*Exercise*: Among the entries below, retype exactly the lines starting with the one with "Combo Fire 36421" and going on through the one with "插画手绘碎花花植物玫瑰手机壁纸水粉画水彩复古水粉画花水粉画花朵", but not the pictures.

*Source information*:
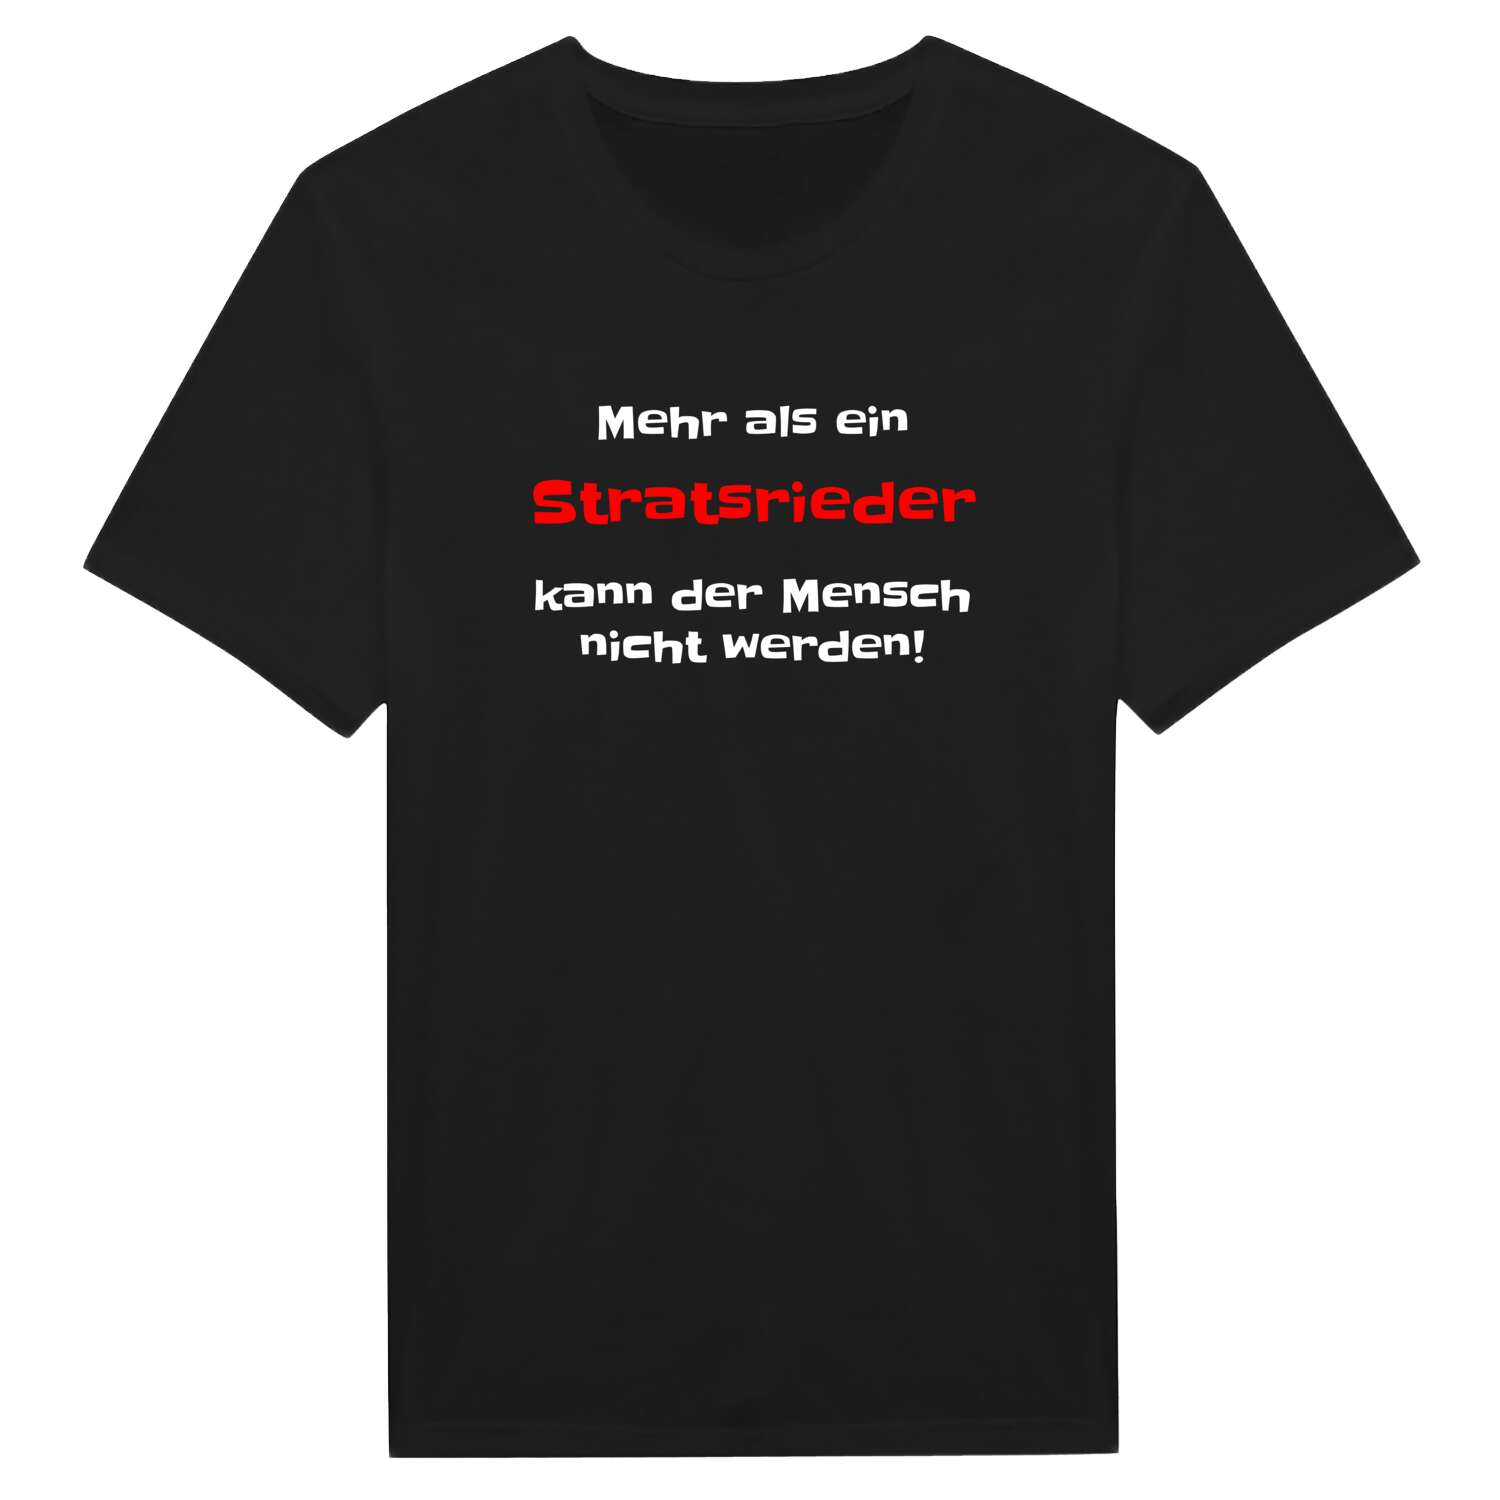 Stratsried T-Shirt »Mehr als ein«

==

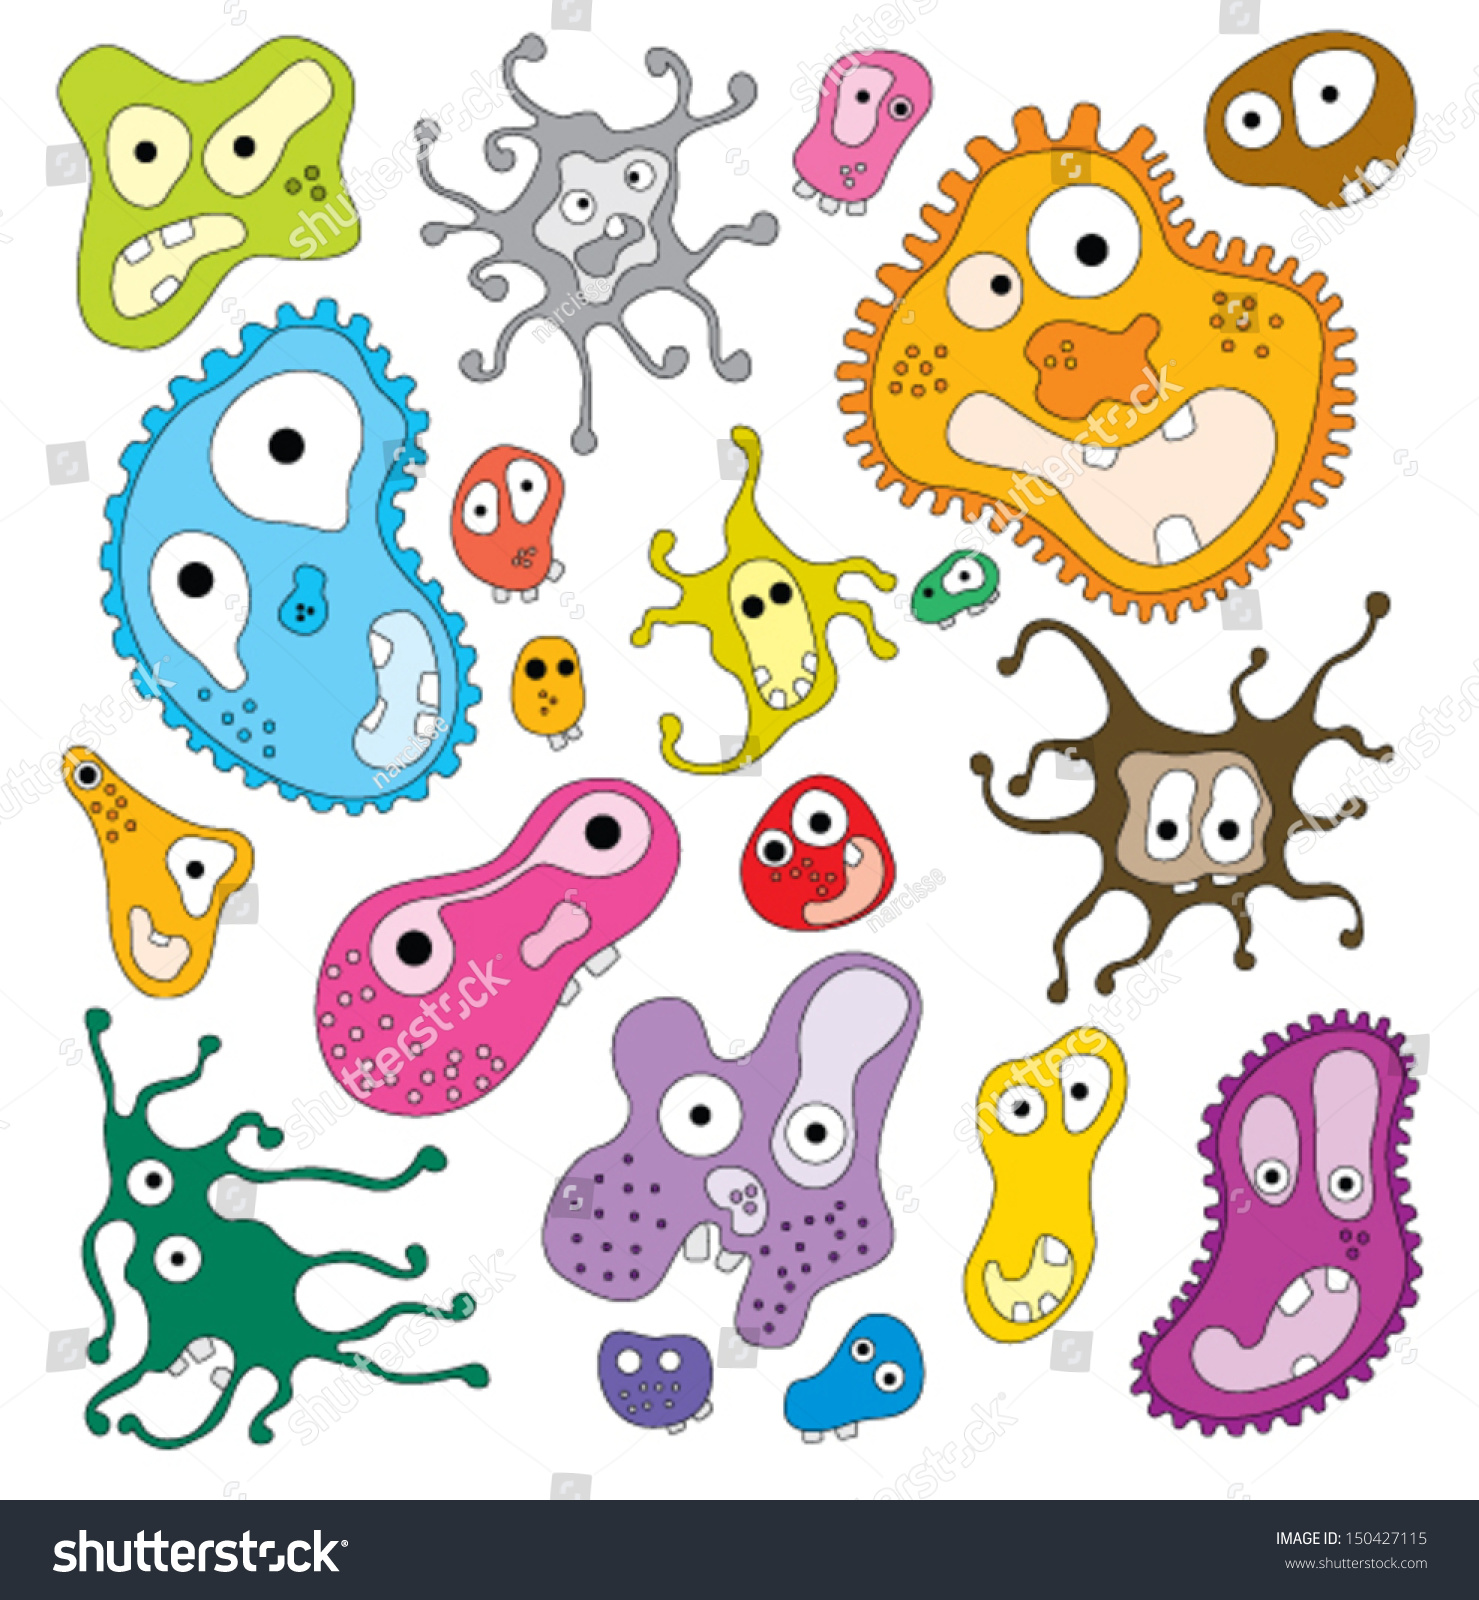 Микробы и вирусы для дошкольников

==

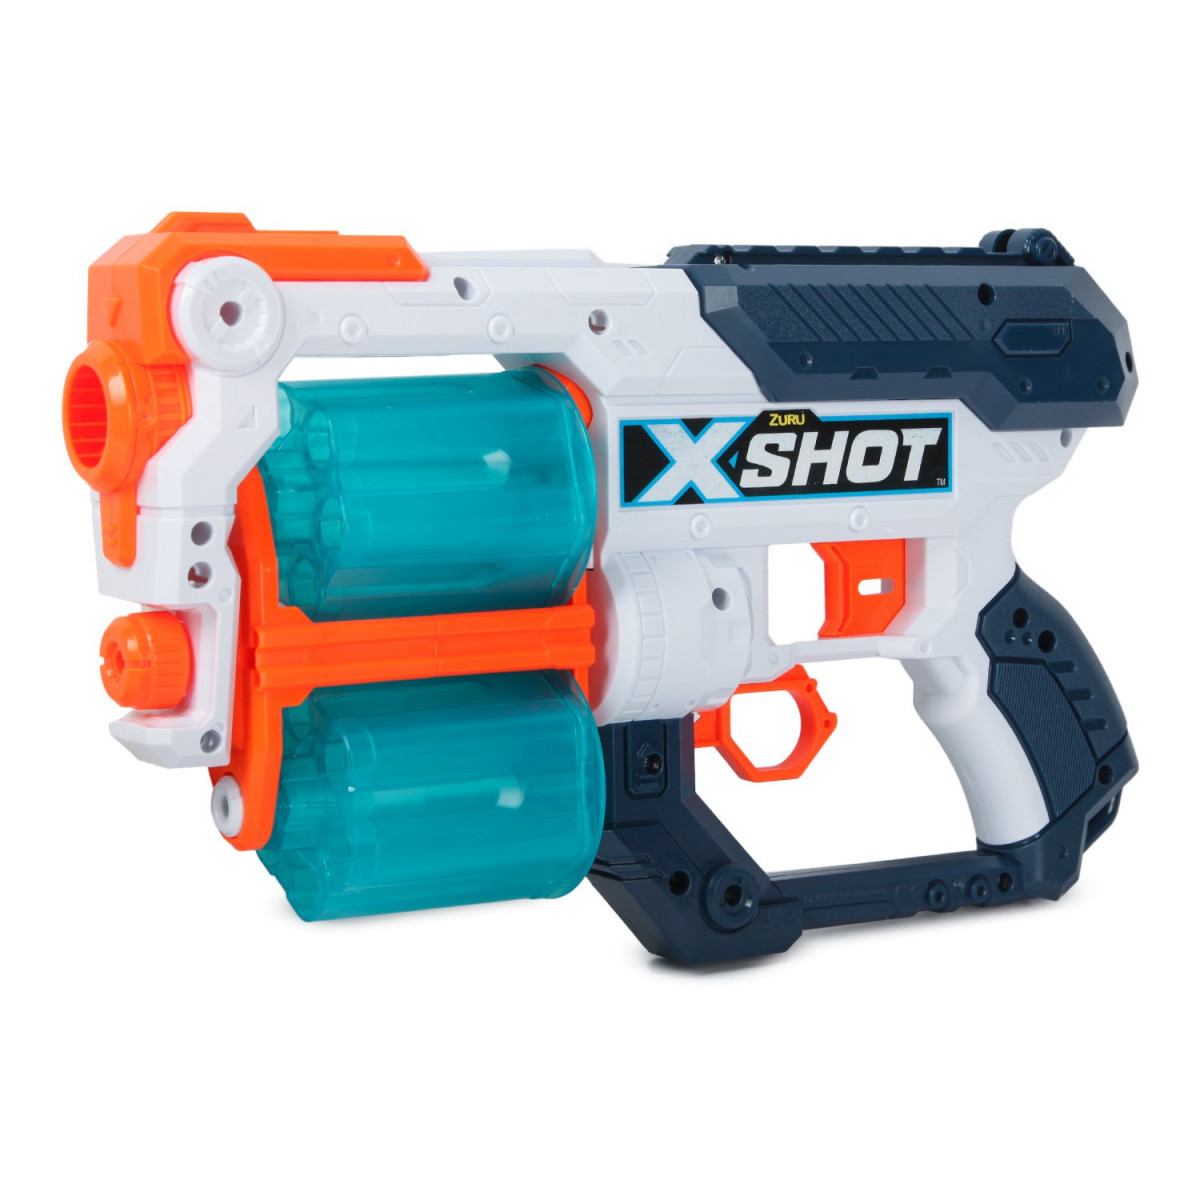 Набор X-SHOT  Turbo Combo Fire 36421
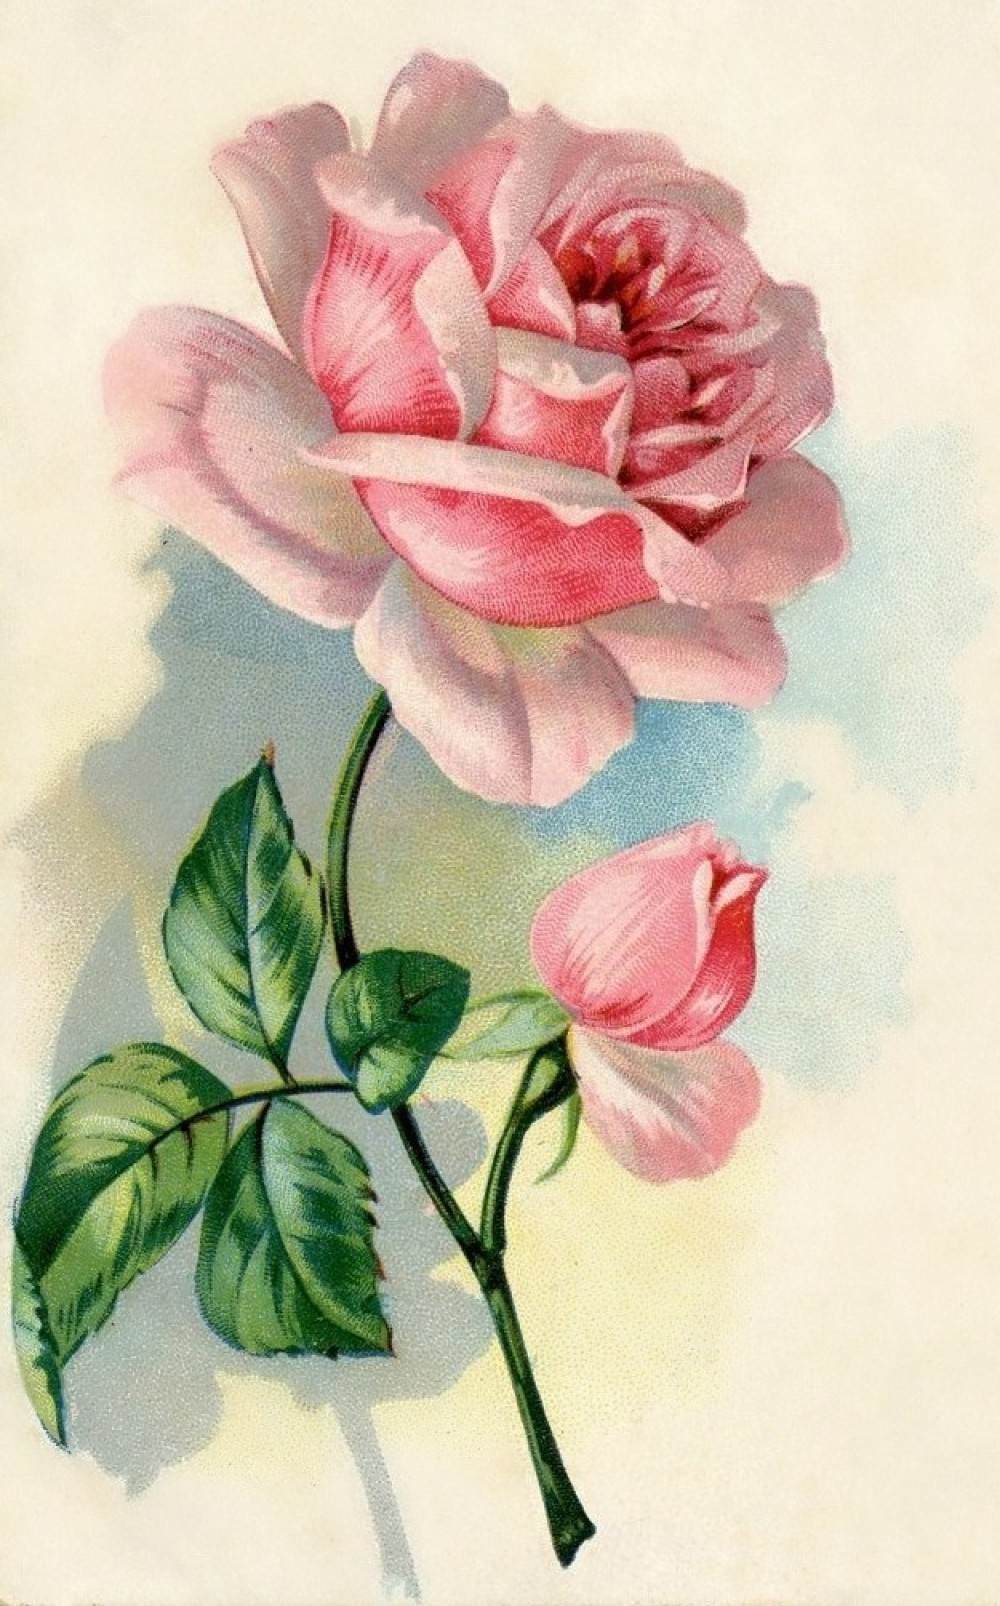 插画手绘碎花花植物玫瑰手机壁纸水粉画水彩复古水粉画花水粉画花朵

*Solution for this problem*:
 Набор X-SHOT  Turbo Combo Fire 36421
 插画手绘碎花花植物玫瑰手机壁纸水粉画水彩复古水粉画花水粉画花朵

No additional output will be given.